There are some job titles you just don't see very much anymore: bank teller, filing clerk...sidekick.

The TV talk show hosts keep coming — comedienne Caroline Rhea and MTV VJ Ananda Lewis, to name two — but who will be sitting next to them onstage? Most likely, no one: And as Regis Philbin has proven, that's not such a bad thing.

Philbin used to be a sidekick himself, playing sympathetic ear to host Joey Bishop in the late '60s. Then he graduated to host — well, "co-host," along with Kathie Lee Gifford, on Live With Regis & Kathie Lee.

But now that the show is just Live With Regis since Gifford left in August, it has seen a surge in ratings. And since the solo Kathie Lee seems to attract about as much attention as, say, Charles Grodin, it could be argued that Gifford was a sidekick all along.
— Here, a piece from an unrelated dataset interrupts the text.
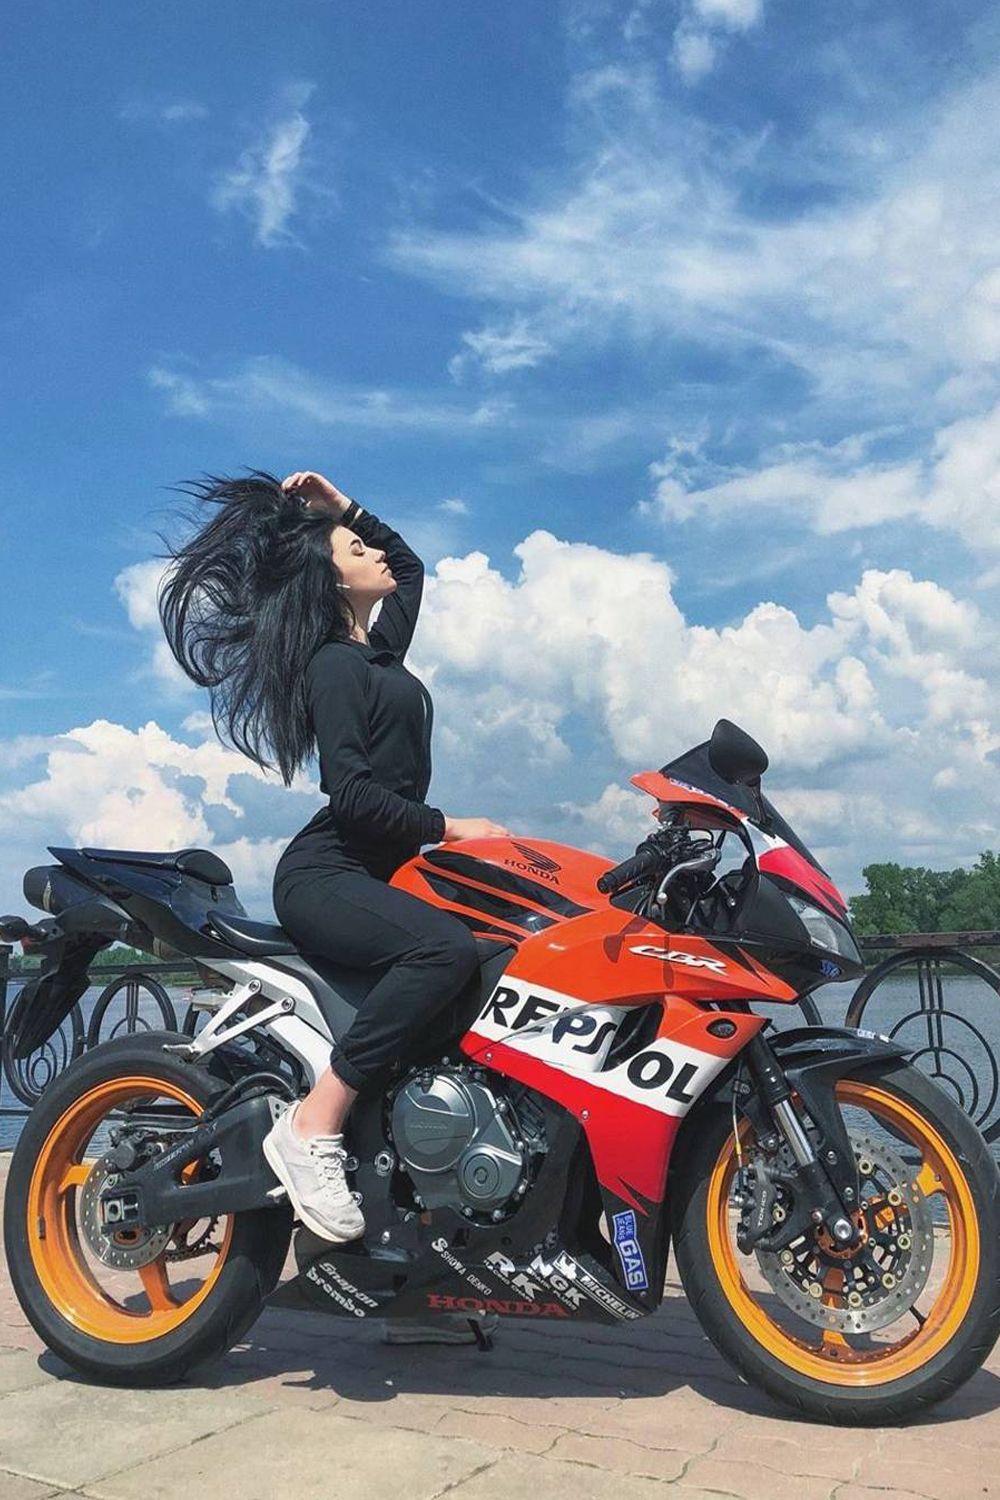 Wallpaper aesthetic wallpaper Wallpaper. Girl motorcyclist, Female motorcycle riders, Bike photohoot

We just never knew it.

And another show is also doing fine without its former sidekick: Andy Richter left Late Night With Conan O'Brien last May after seven years as the last one in the row of guest chairs.

Richter was the anti-McMahon. Where Johnny Carson's famously jocular counterpart Ed could always be counted on for a booming laugh and a hearty agreement, Richter's passive style made him a scapegoat in the show's early bad reviews.

But in true sidekick form, Richter rallied. He sat his ground, so to speak, and grew in appeal along with the show. But even a sidekick needs to ride his own horse: With nothing but kind words for Late Night, he turned in his chair.

"I love this show, I'm proud of this show, and I'm proud of my involvement," Richter said when he left. "I didn't want to start becoming bitter about it. I thought if I stick around here I'm going to start becoming an unpleasant person, and this place doesn't deserve that."

Philbin, perhaps not thinking of his own co-host, lamented Richter's departure. "He may be the last official sidekick," he said to The New York Times.

So what's an aspiring joke-polisher to do? Learn a useful skill. When in need of banter or someone to mock, hosts Jay Leno, Rosie O'Donnell, David Letterman and O'Brien have long relied on their musical sidemen. And Martin Short occasionally made announcer Michael McGrath his straight man.

Trevor Rieger, a talk show aficionado who runs TVTalkShows.com, thinks fickle and indifferent audiences have contributed to the sidekick's decline. "[Without a sidekick], viewers focus better on the host, and the networks don't have to pay hundreds of thousands of dollars for 'another' talk show host," he asserts. "In this instance, money talks and sidekicks play their instruments out of the 'eye' of the camera."

It also make sense to consider the genesis of the sidekick. When Jack Paar was opening his show with jokes disguised as anecdotes in the '50s, he needed future 20/20 anchor Hugh Downs as a listener. TV was still relatively new, after all, and the old straight-man conventions of vaudeville and radio were entrenched.

Today comedy, like everything else, is faster paced and more interactive, with media-savvy audiences who don't require as much set-up. On MTV's Tom Green Show, for example, sidekicks Phil and Glenn aren't sounding boards so much as human gags prone to impromptu torture at the hands of their host.

Since leaving the Late Night nest, Richter has had a small role in Robert Altman's summer release Dr. T and the Women. An animated sitcom gig, Dog Days, got scuttled in development; but he is set to appear in Chris Rock's upcoming feature Pootie Tang.

That's not bad when you consider the career trajectories of recent sidekicks Howard Feller and Craig Shoemaker. Who are they, you ask? Exactly.